Holloway has served in a variety of leadership roles since joining the faculty at U-M as an assistant professor for Nuclear Engineering and Radiological Sciences in January 1990. Additional roles have included the William Davidson Institute Board (2014 – present), Vice Provost for Global and Engaged Education (2013 – 2016), Associate Dean for Undergraduate Education, College of Engineering, (2007 – 2013), and Interim Director, Wilson Student Team Project Center, College of Engineering, (2011).
In 2007, Holloway was named an Arthur F. Thurnau Professor in recognition of outstanding contributions to undergraduate education. Later that year, he became associate dean for undergraduate education for the College of Engineering. Given the responsibility to blend the hemispheres of creativity and analysis within the engineering undergraduate experience, he dedicated himself to introducing students not only to the theory of engineering, but also to its practice, and to the world at-large.

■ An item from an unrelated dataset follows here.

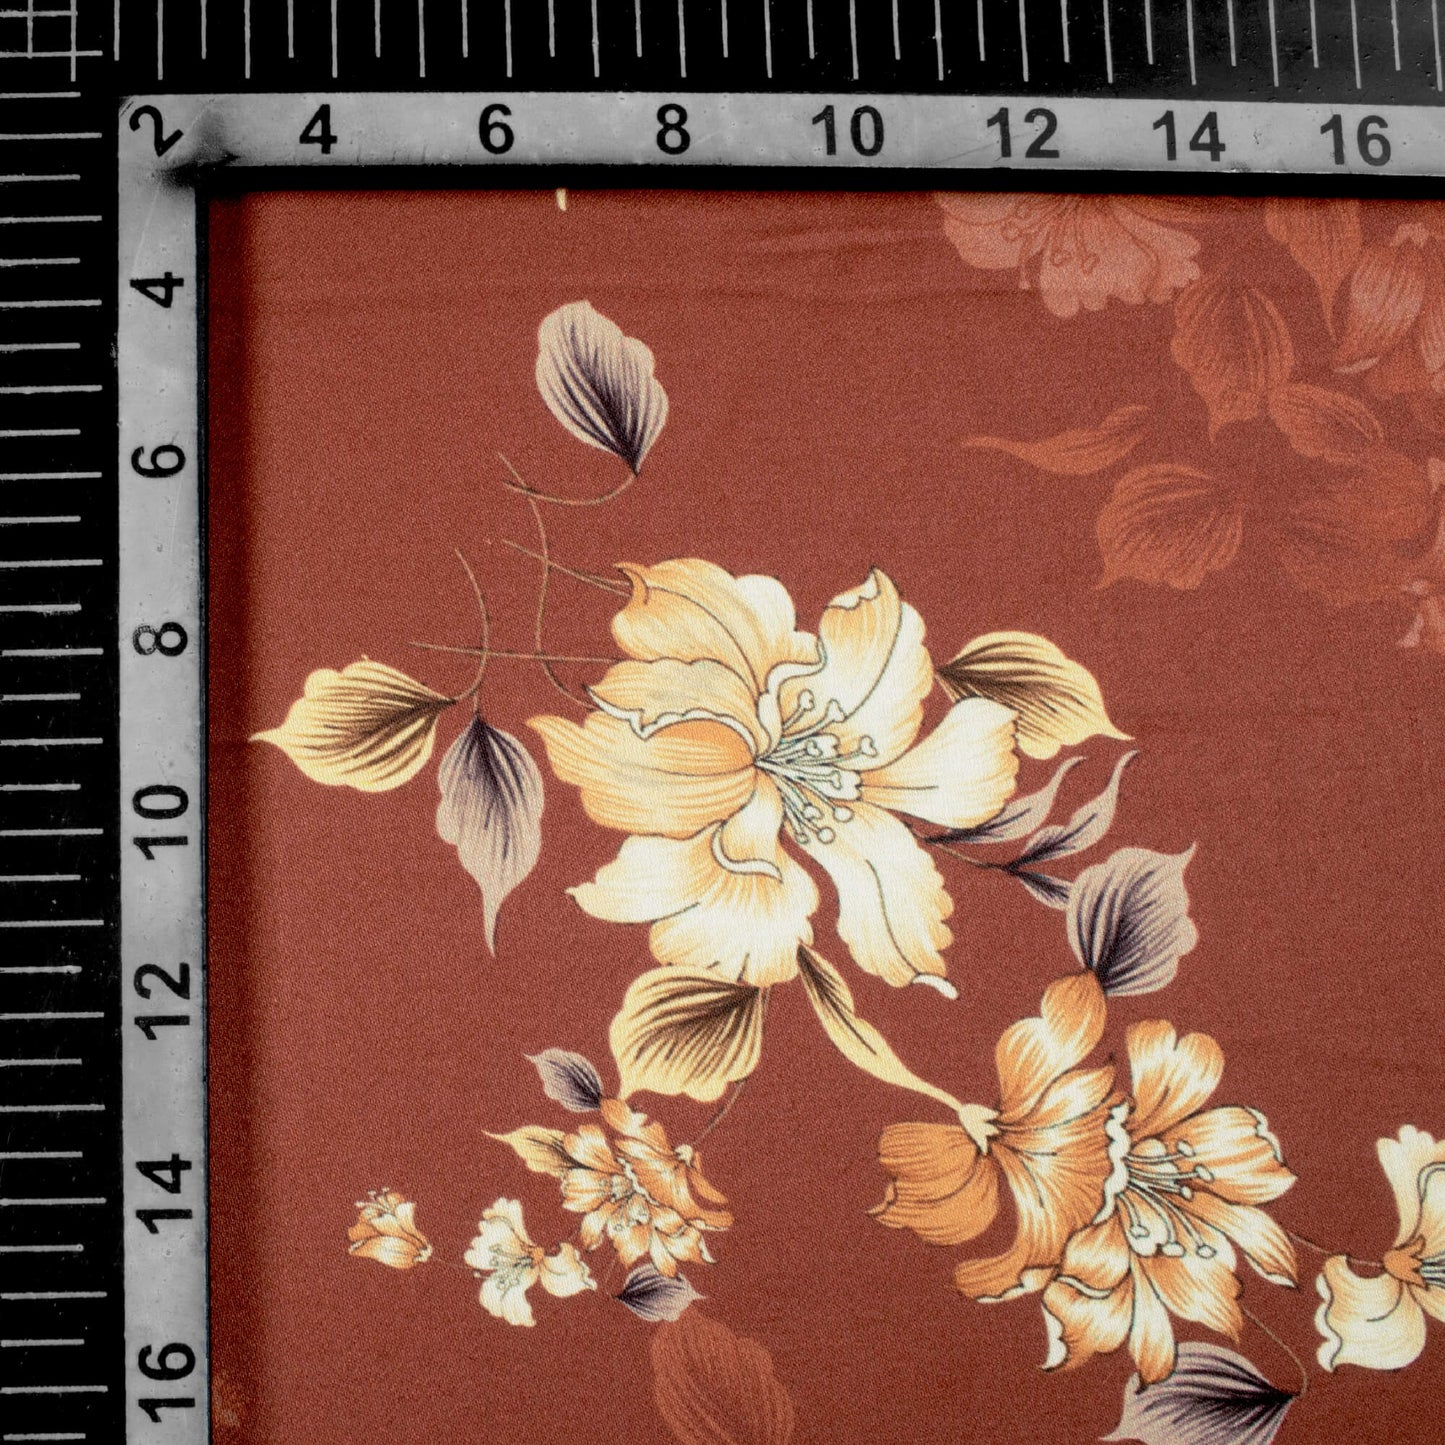 Seal Brown And White Floral Pattern Digital Print Premium Lush Satin Fabric

Holloway’s research in the nuclear engineering field has focused on computational and mathematical modeling of neutral particle transport, plasma kinetics and hydrodynamics, and related problems in inverse problems and plasma tomography. Along with his students, he developed the first Riemann solvers for time dependent neutral particle transport, which included the first successful solutions of low-order nonlinear maximum entropy closures for transport equations.
He served as co-PI on the University of Michigan’s CRASH center, and led the center’s uncertainty quantification program. He has served as reviewer for many journals and programs, and served as Editor of the journal Transport Theory and Statistical Physics.

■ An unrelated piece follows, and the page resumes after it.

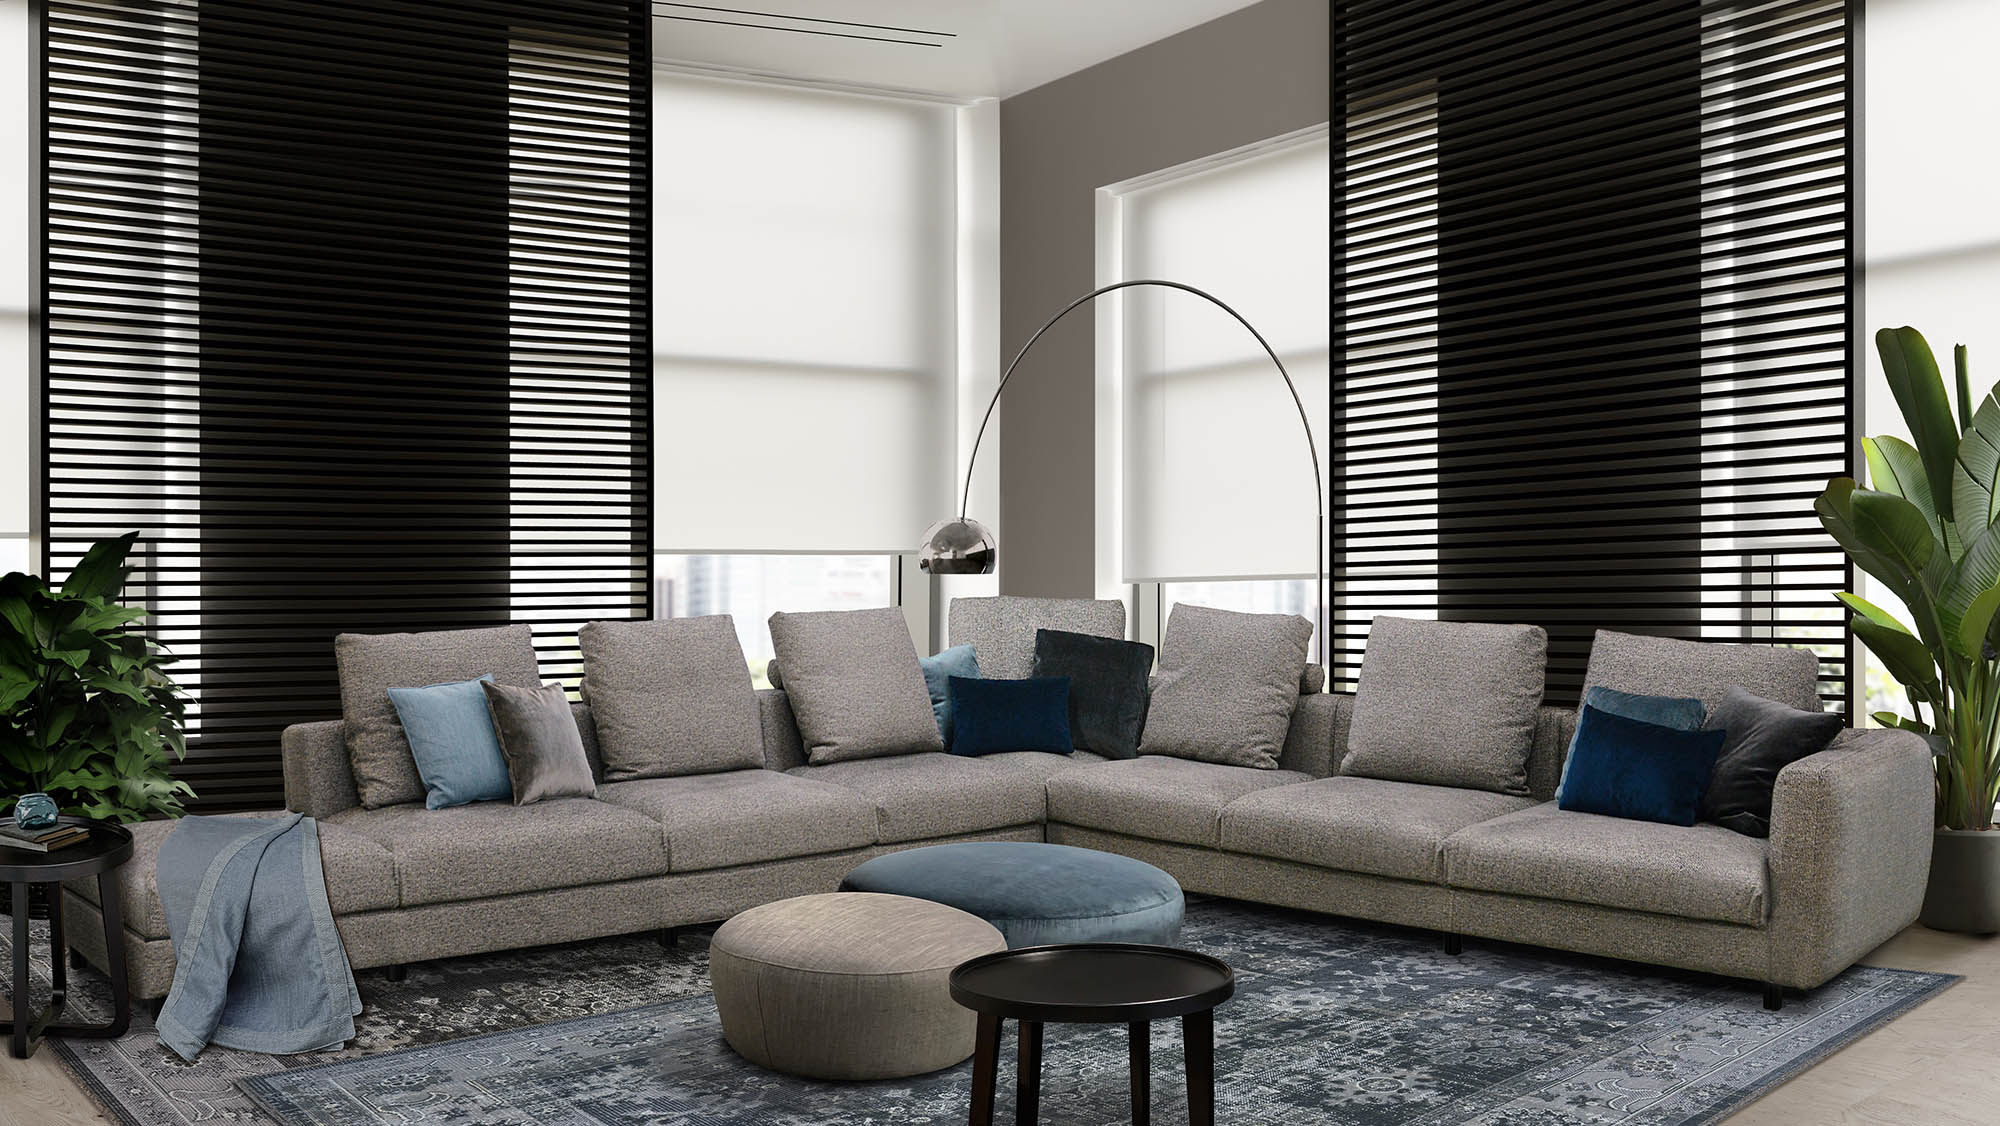 Interior of empty modern living room 3 D rendering

Holloway has also undertaken research in engineering education, including the study of student identity and gender in the engineering classroom. Holloway’s teaching has spanned from large first year classes to specialized graduate level courses. He has taught a course for education students on engineering in the high school classroom, and also taught a class on Engineering Across Cultures, not only in Ann Arbor but in Kumasi, Ghana, and Chiang Mai, Thailand.

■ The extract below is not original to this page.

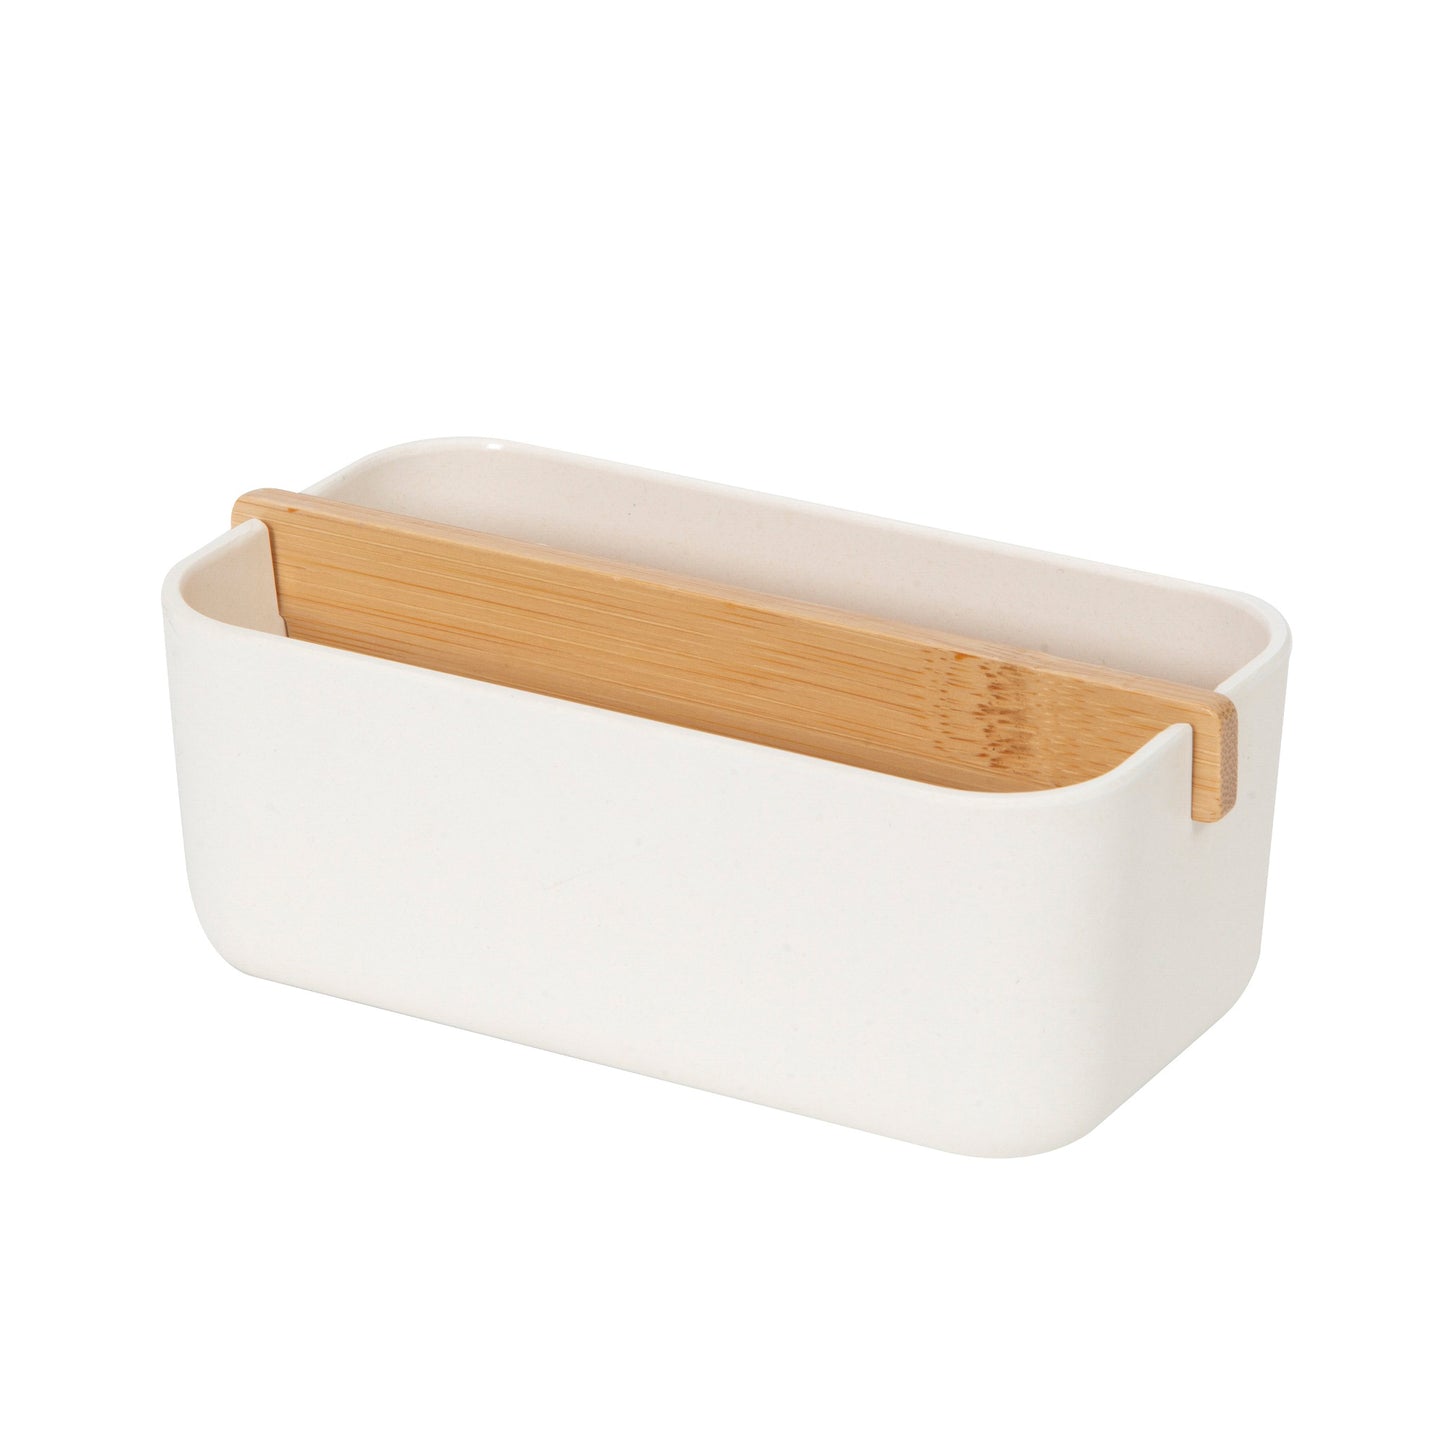 Caja de almacenaje de 2 compartimentos en fibra de bambú Ecologik blanca y natural

He has received several awards during his academic career in addition to the Arthur F. Thurnau honor including: Ted Kennedy Family Team Excellence Award (Production of an extraordinary and significant piece of work from current or recent collaboration to the College of Engineering in teaching or research – awarded for the work of the CRASH Center in 2014); Harold R. Johnson Diversity Service Award (2011); Committee on Institutional Cooperation Academic Leadership Program Fellow (CIC-ALP Fellow) in 2005; and the Nuclear Engineering & Radiological Sciences Alpha Nu Sigma Faculty Teaching Award (awarded by vote of the students of the department) and the Nuclear Engineering & Radiological Sciences Outstanding Achievement Award, both in 2004.
Holloway earned Bachelors and Master’s degrees in Nuclear Engineering from the University of Illinois, studied Part III of the Mathematical Tripos and earned a Certificate of Advanced Studies in Mathematics from Cambridge University, and was awarded a doctorate in Engineering Physics at the University of Virginia, where he was subsequently Research Assistant Professor of Engineering Physics and Applied Mathematics.
Holloway was born at Walter Reed Army Medical Center in Washington D.C., and has lived in several countries including Thailand, Germany and England.